Гектор обеими руками поднял тяжелый меч и обезглавил бога.
Толпа троянцев и греков ахнула. Воины попятились, как один человек. Несколько мгновений обезглавленное тело стояло, пошатываясь, на нижней платформе, затем рухнуло, точно марионетка, у которой разом обрезали нити. Гектор ухватил упавшую голову с широко разинутым ртом, поднял за жидкую бороденку и закинул высоко на сруб, между конскими и собачьими трупами.
Работая мечом как топором, он ловко отсек Дионису сначала руки, потом ноги, потом гениталии, разбрасывая отрезанные части по всему срубу – впрочем, не слишком близко к смертному ложу Париса, чьи благородные кости воинам нужно будет собрать среди золы, отделив от недостойных останков собак, жеребцов и бога. Наконец Гектор разрубил торс на множество мясных кусков; бо́льшая часть пошла на костер, остальное полетело на корм уцелевшим собакам Париса, которых до сей минуты держали на привязи, а теперь спустили.

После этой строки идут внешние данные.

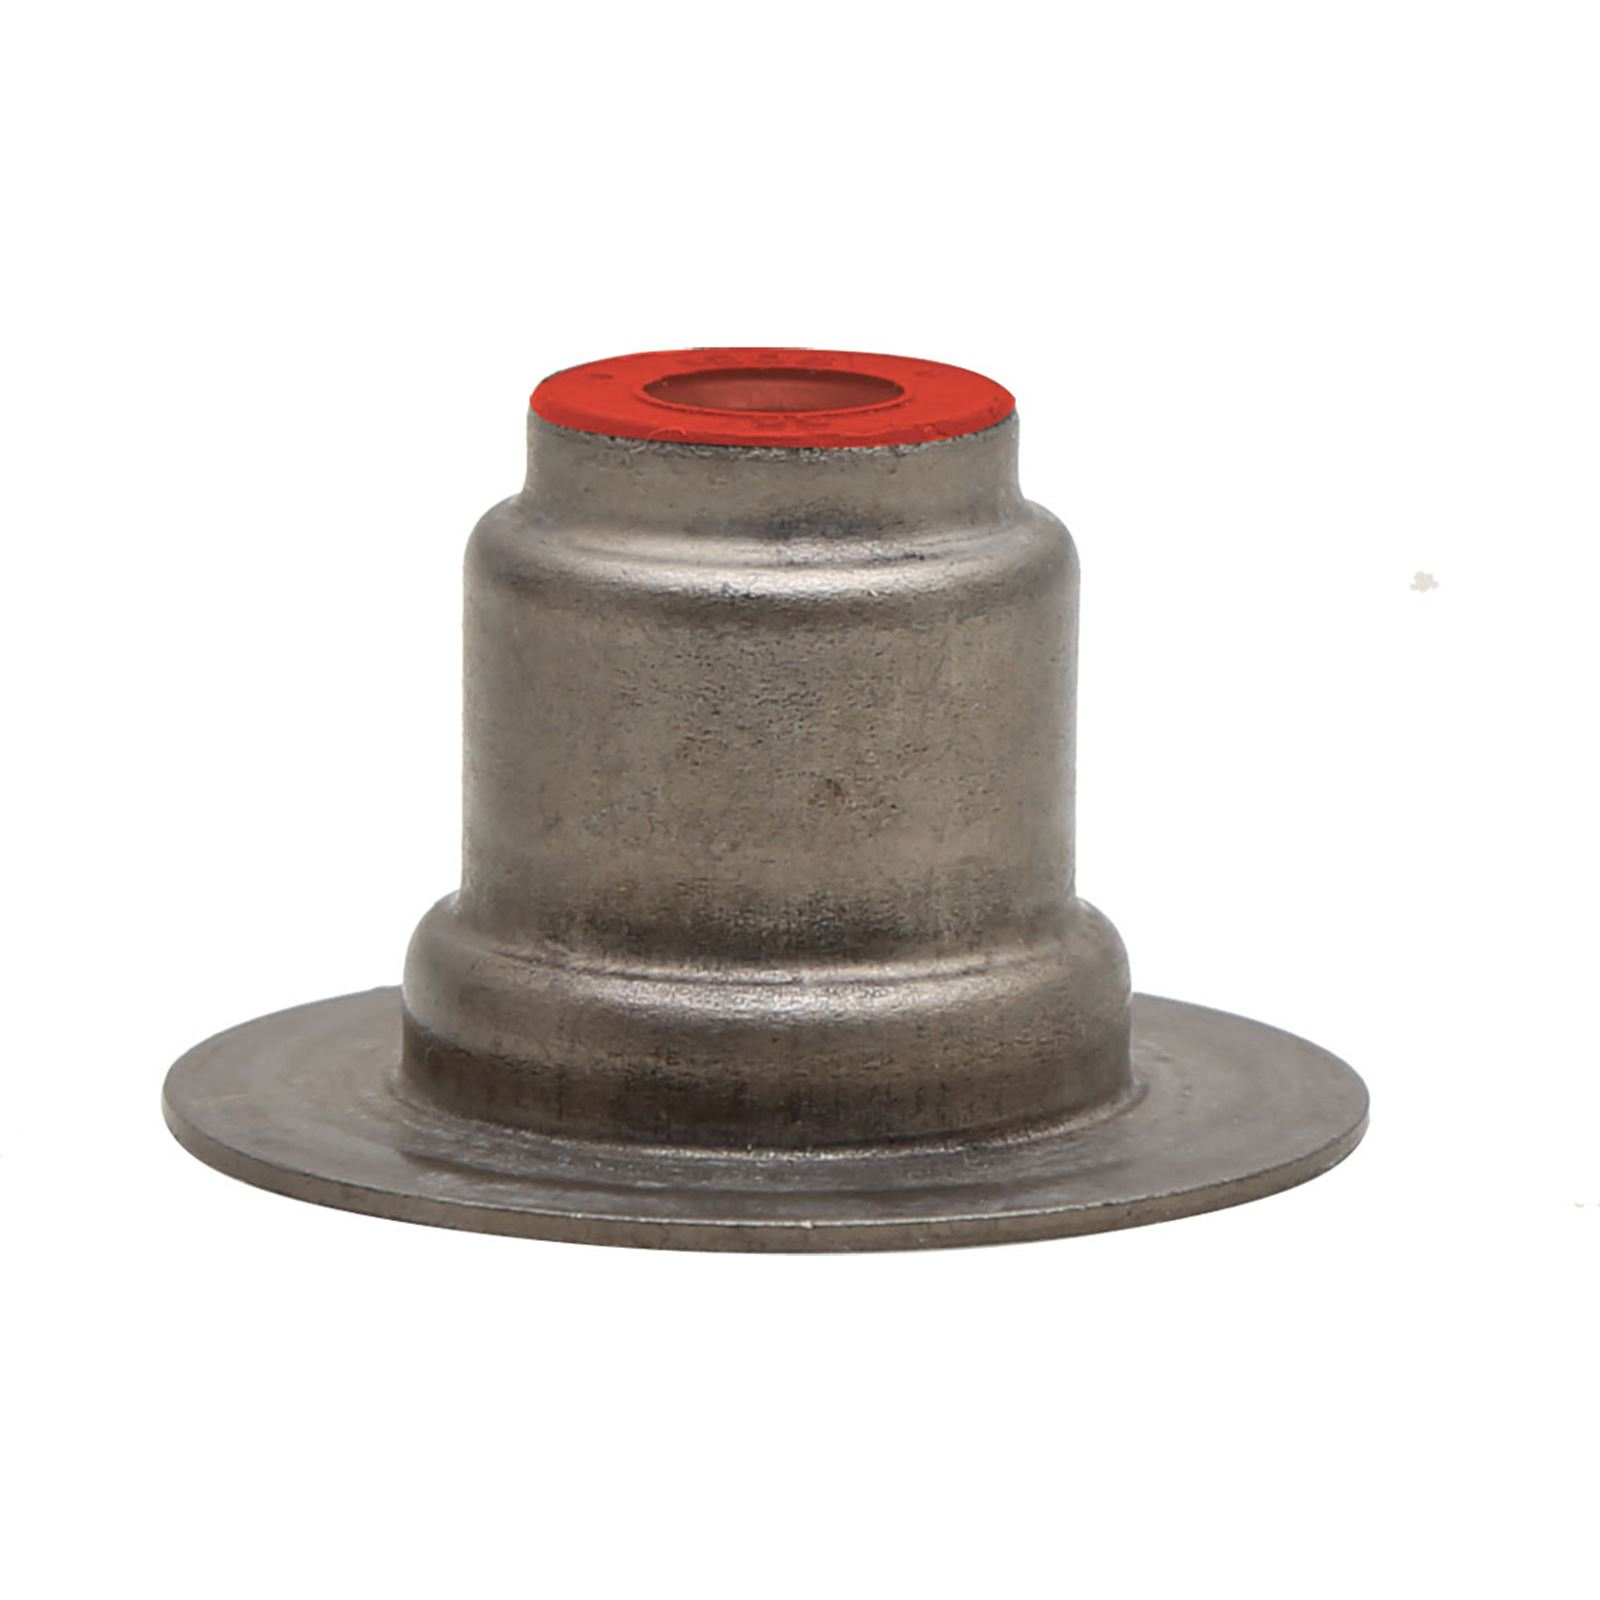 KPMI Valve Stem Seal
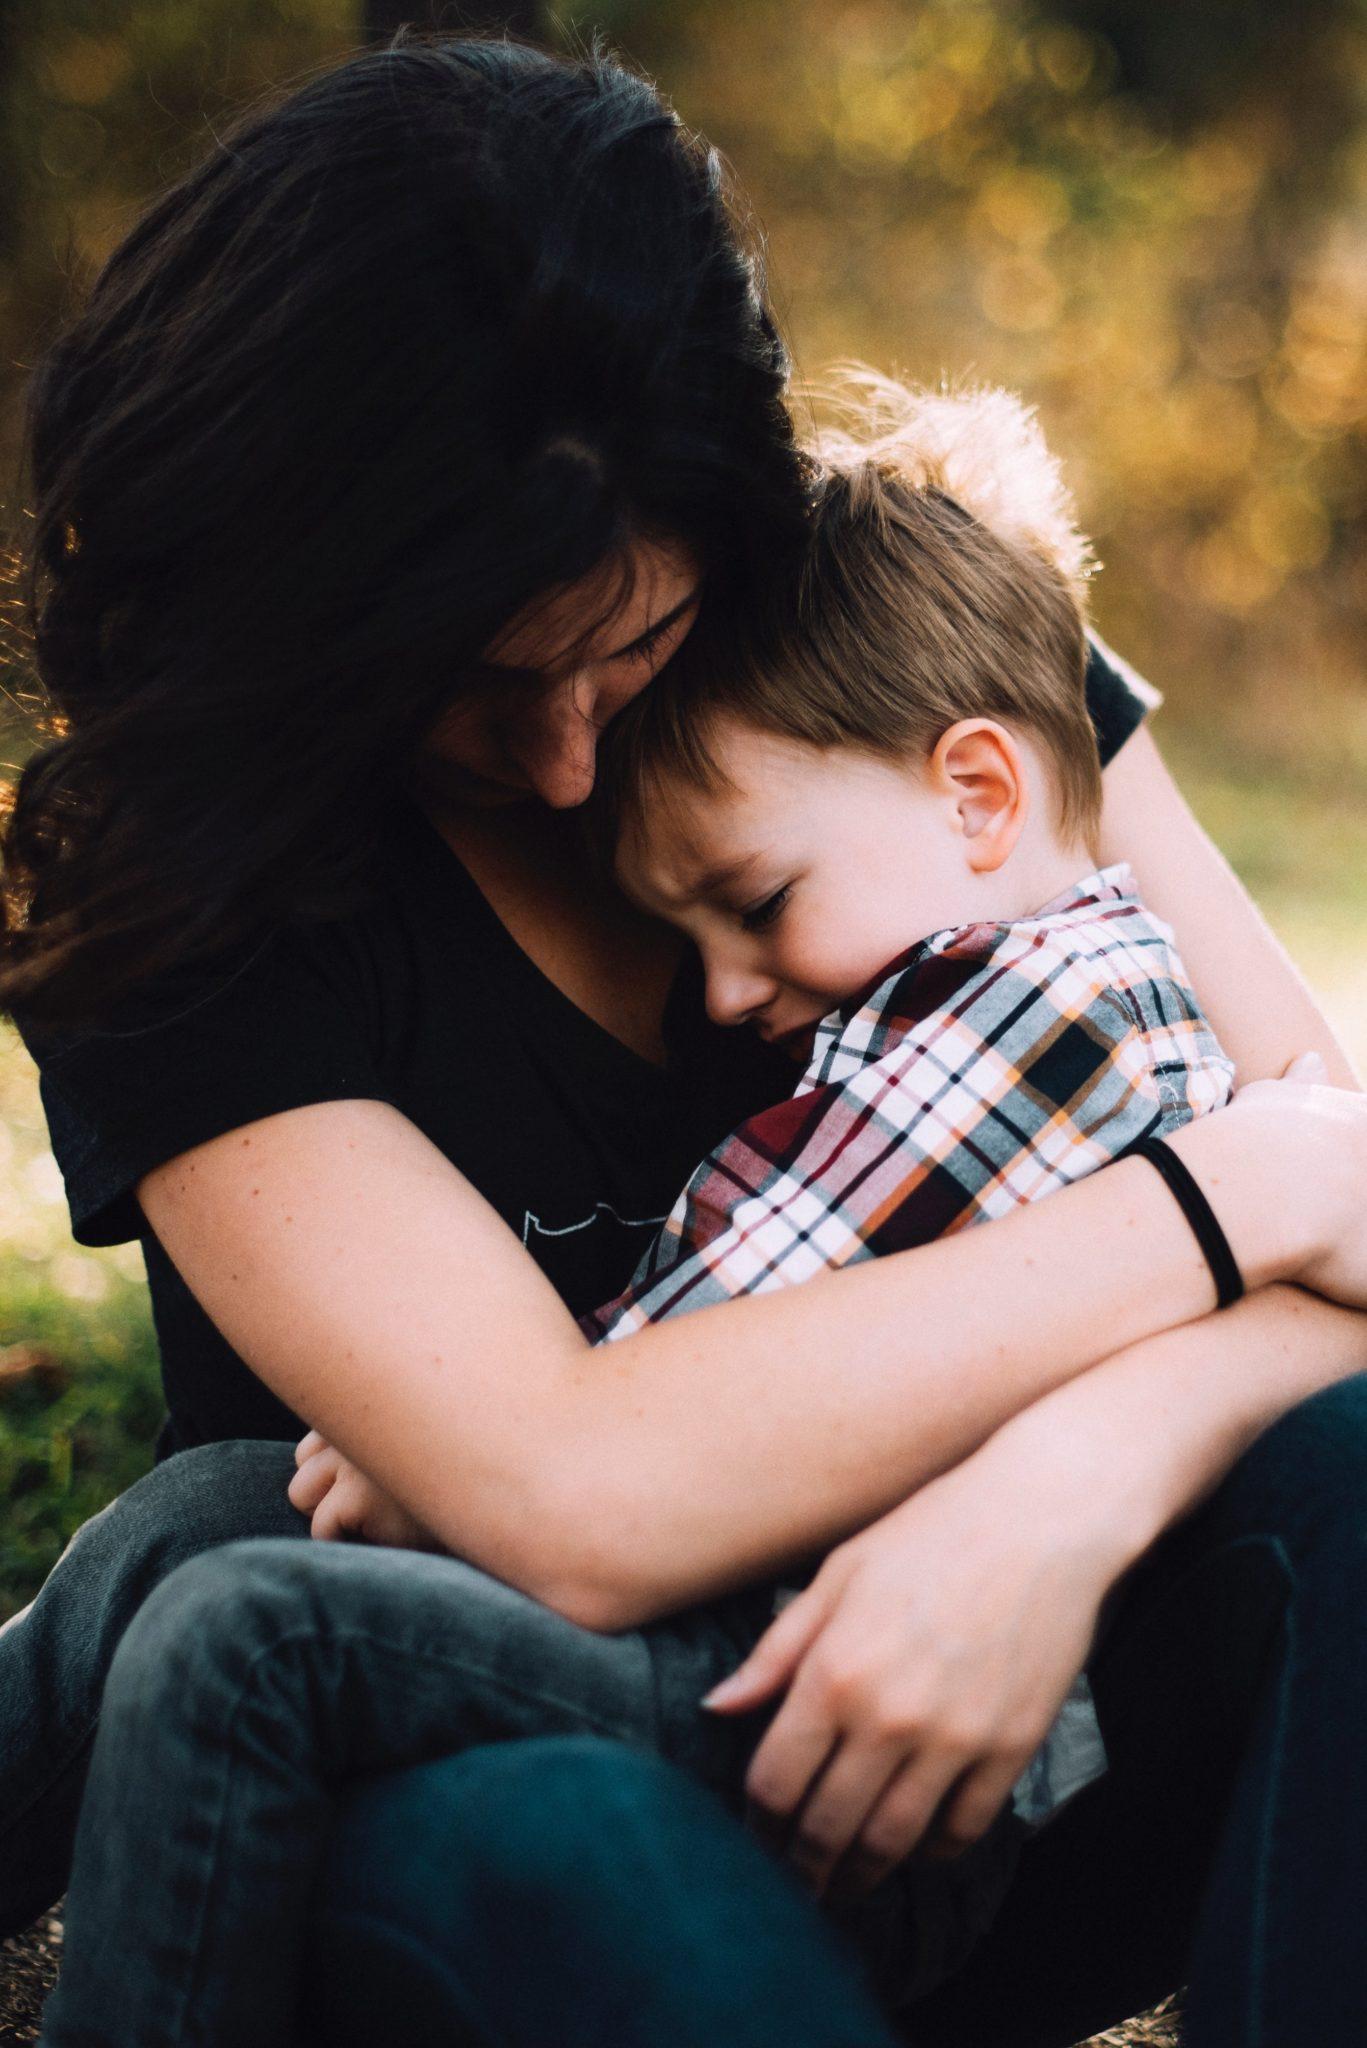 mom holding upset child

Как только хрящи и кости были окончательно разрублены, над жалкими останками Диониса поднялось черное облако, будто стая невидимого гнуса или маленькая дымовая воронка завертелась в воздухе, да так яростно, что Гектору пришлось прервать свою мрачную работу и отступить назад. Шеренги троянских и ахейских героев отпрянули еще на шаг, а женщины на стене завопили, прикрывая лица руками и покрывалами.
Но вот облако рассеялось; Гектор швырнул на вершину дровяной кучи оставшиеся розовато-белые, словно тесто, куски мяса, поддел ногой позвоночник и ребра жертвы, пинком отправил их на толстую охапку хвороста и принялся снимать обагренные доспехи. Прислужники торопливо унесли прочь забрызганную бронзу. Один из рабов поставил таз с водой. Высокий, статный герой дочиста омыл от крови руки и лоб и принял предложенное полотенце.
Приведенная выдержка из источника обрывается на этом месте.